##### Recorded data

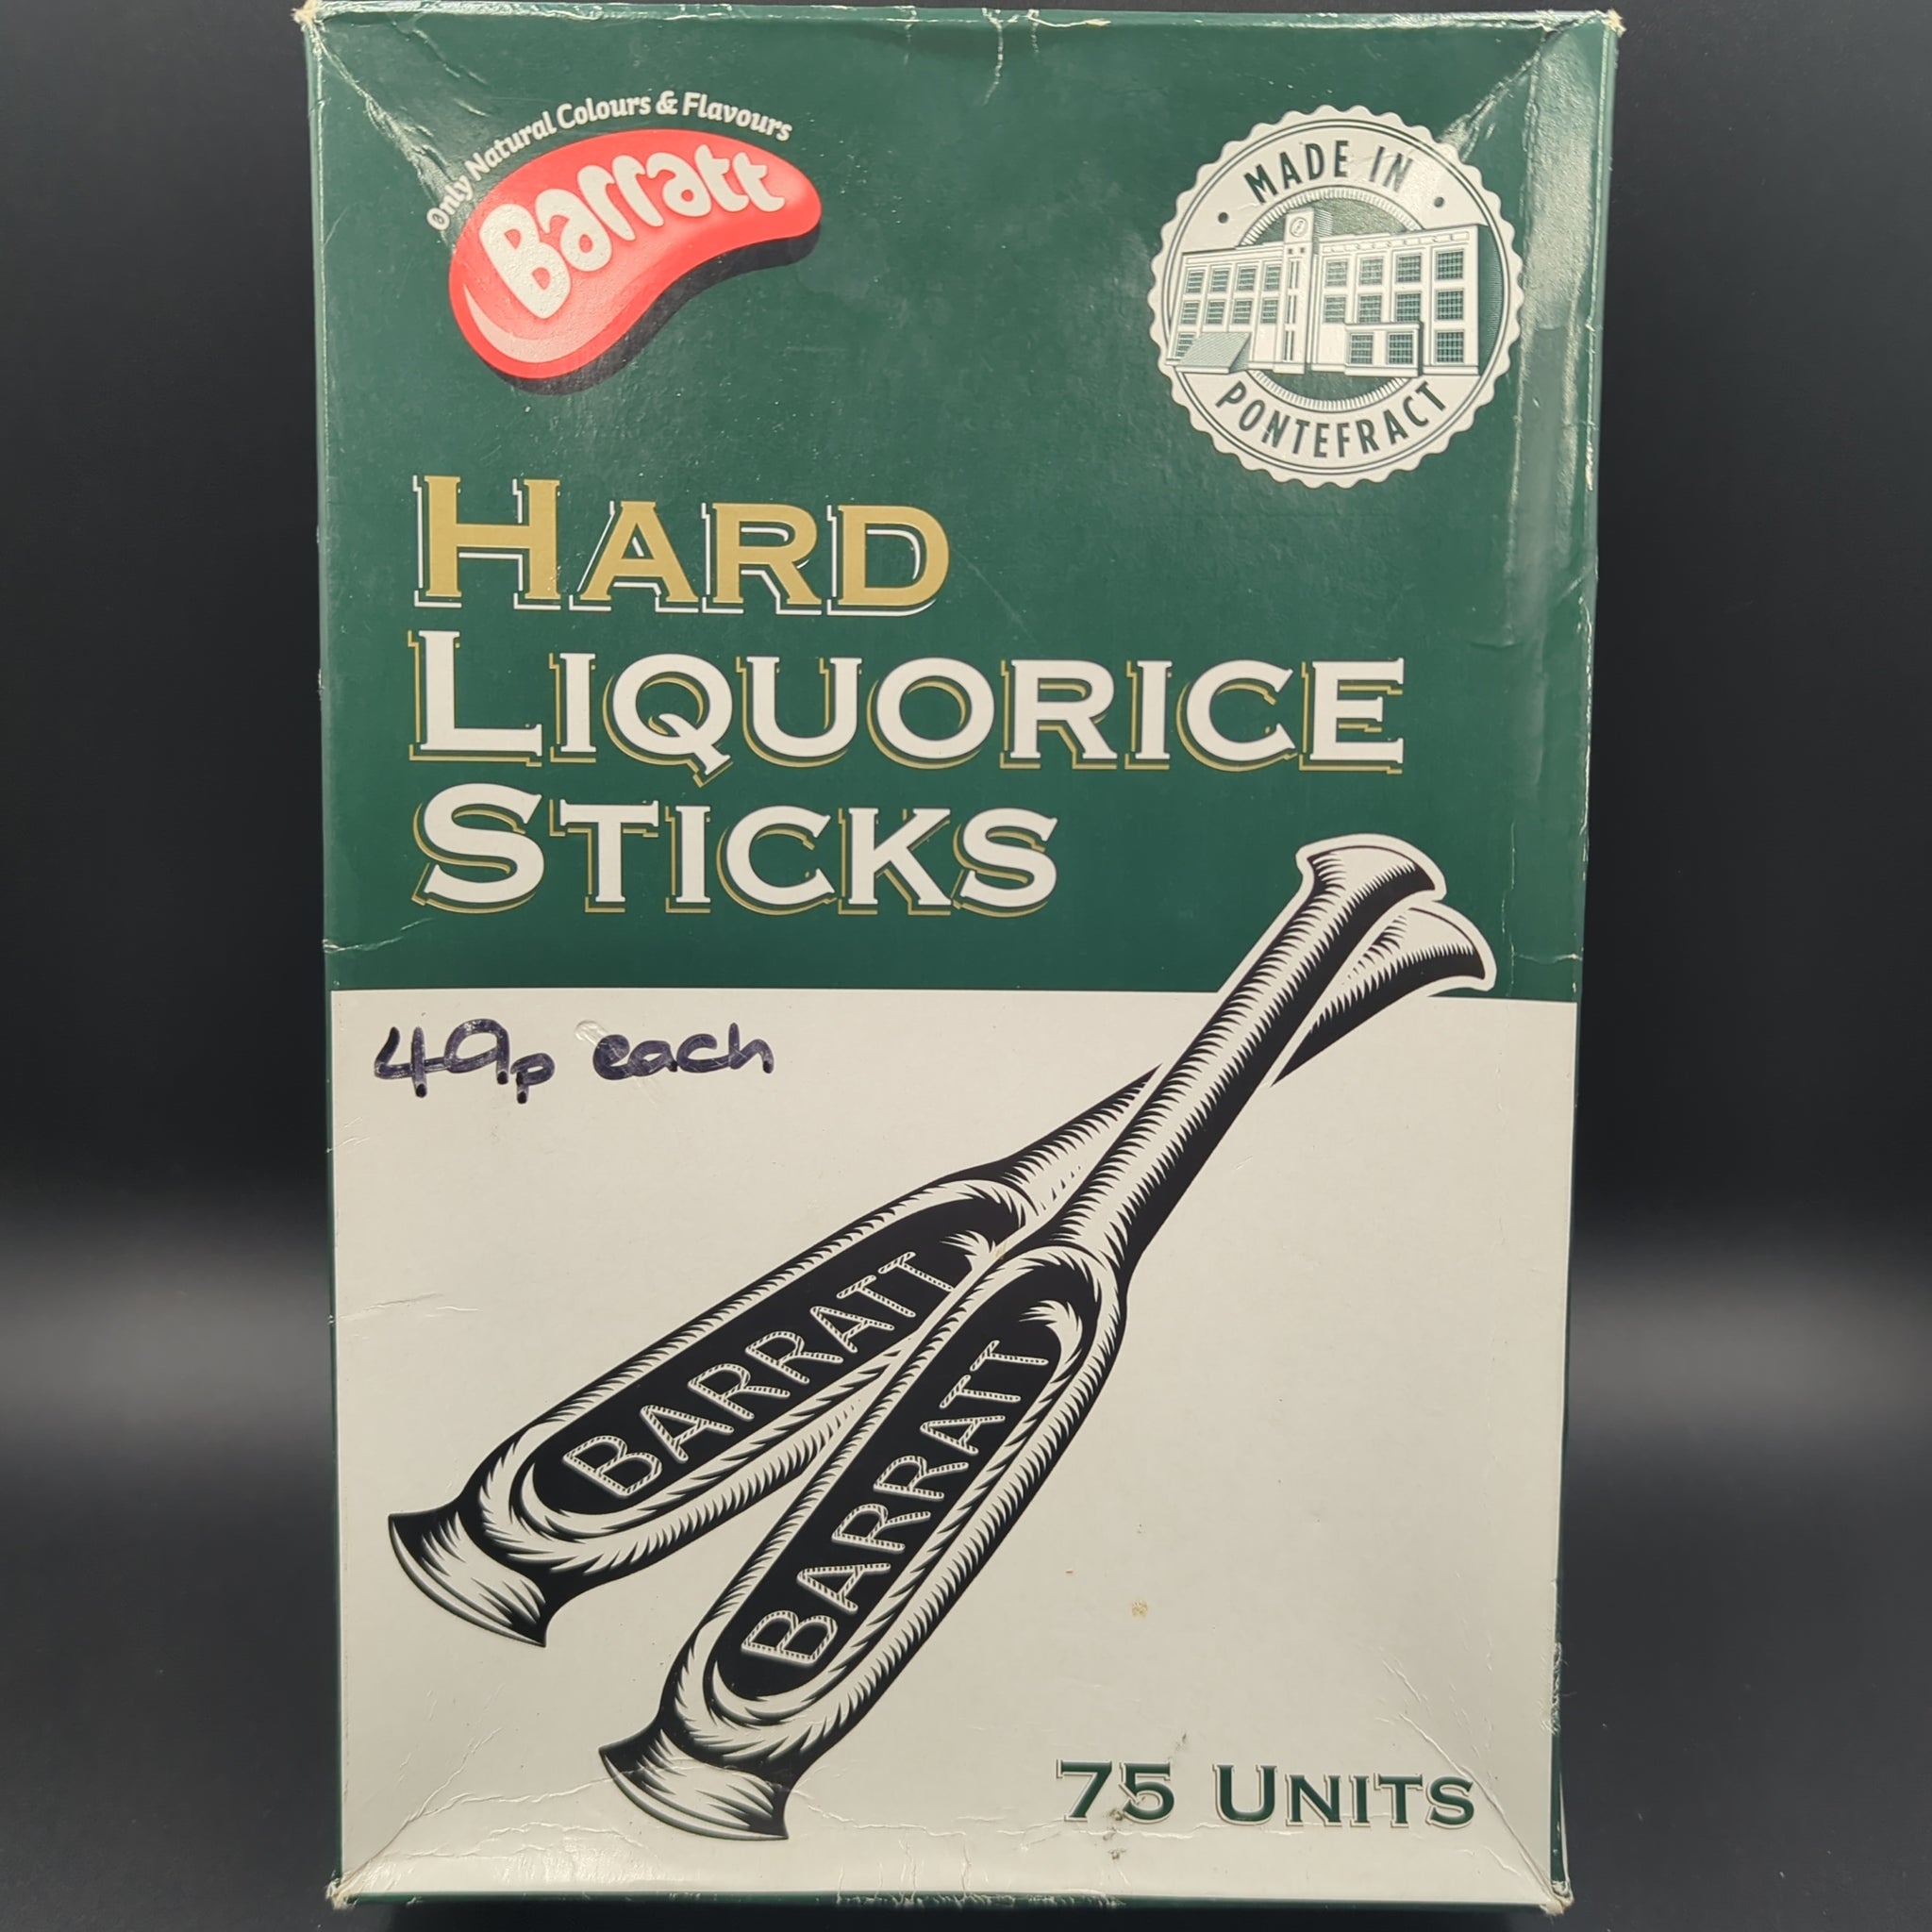 Barratt Hard Liquorice sticks each
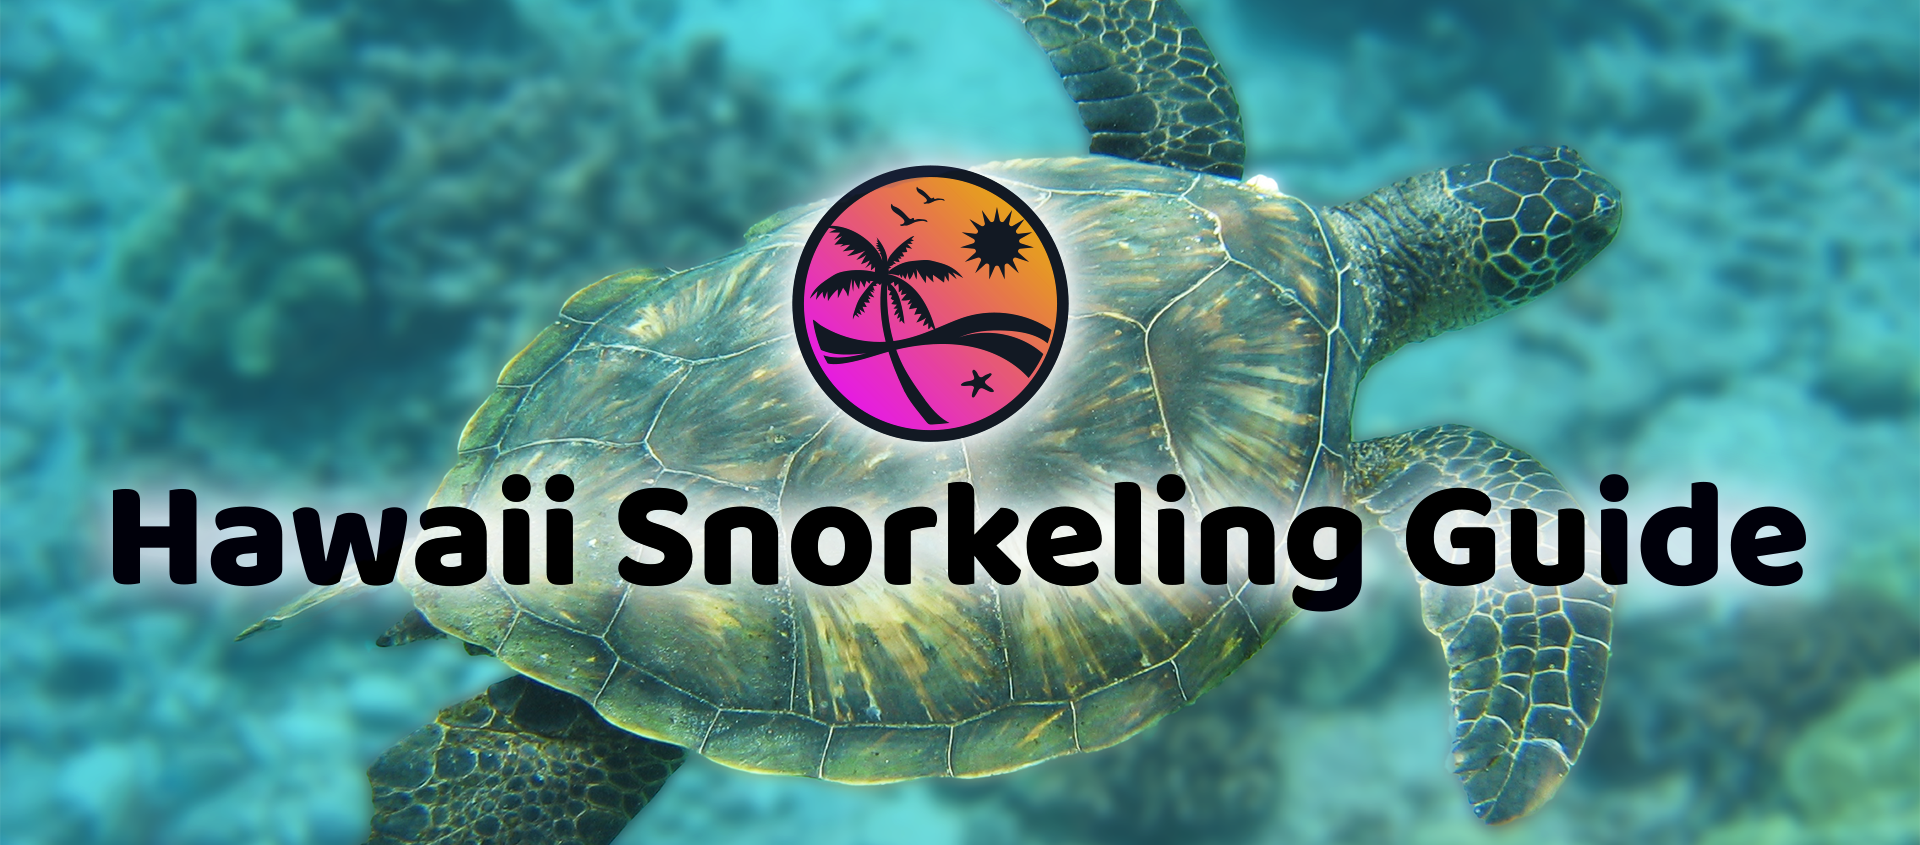 Hawaii Snorkeling Guide
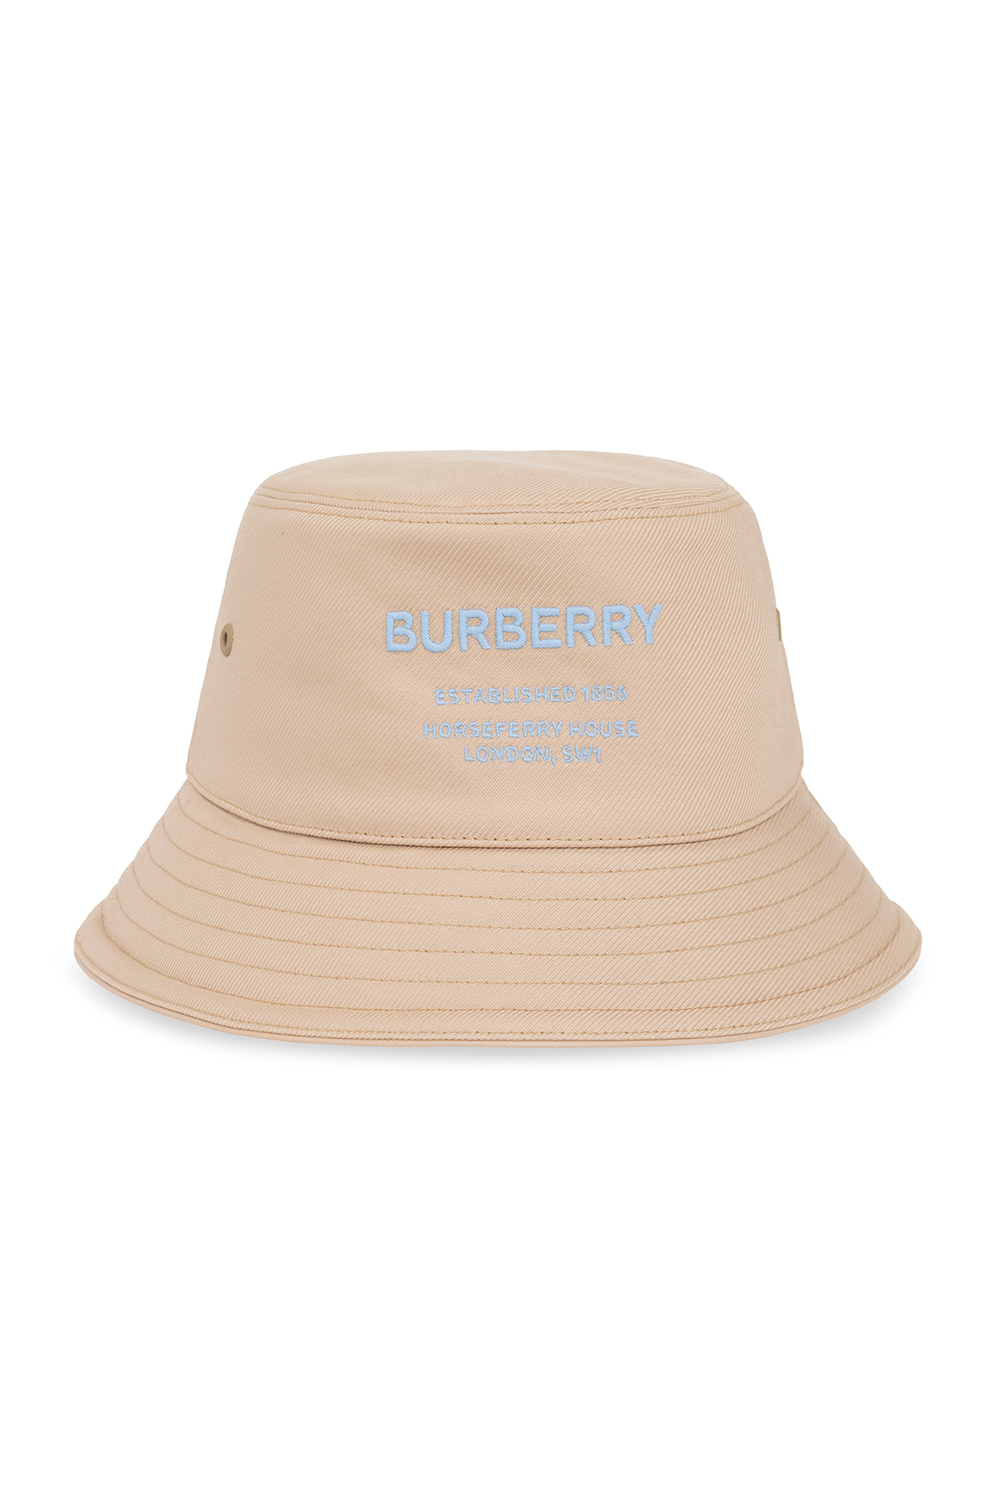 Burberry Boys Olive Green Classic Cap

##########

Work item ->
Repeat the material line for line. Pictures stay out of the copy.

Exercise result ->
 Barratt Hard Liquorice sticks each
 Hawaii Snorkeling Guide
 Burberry Boys Olive Green Classic Cap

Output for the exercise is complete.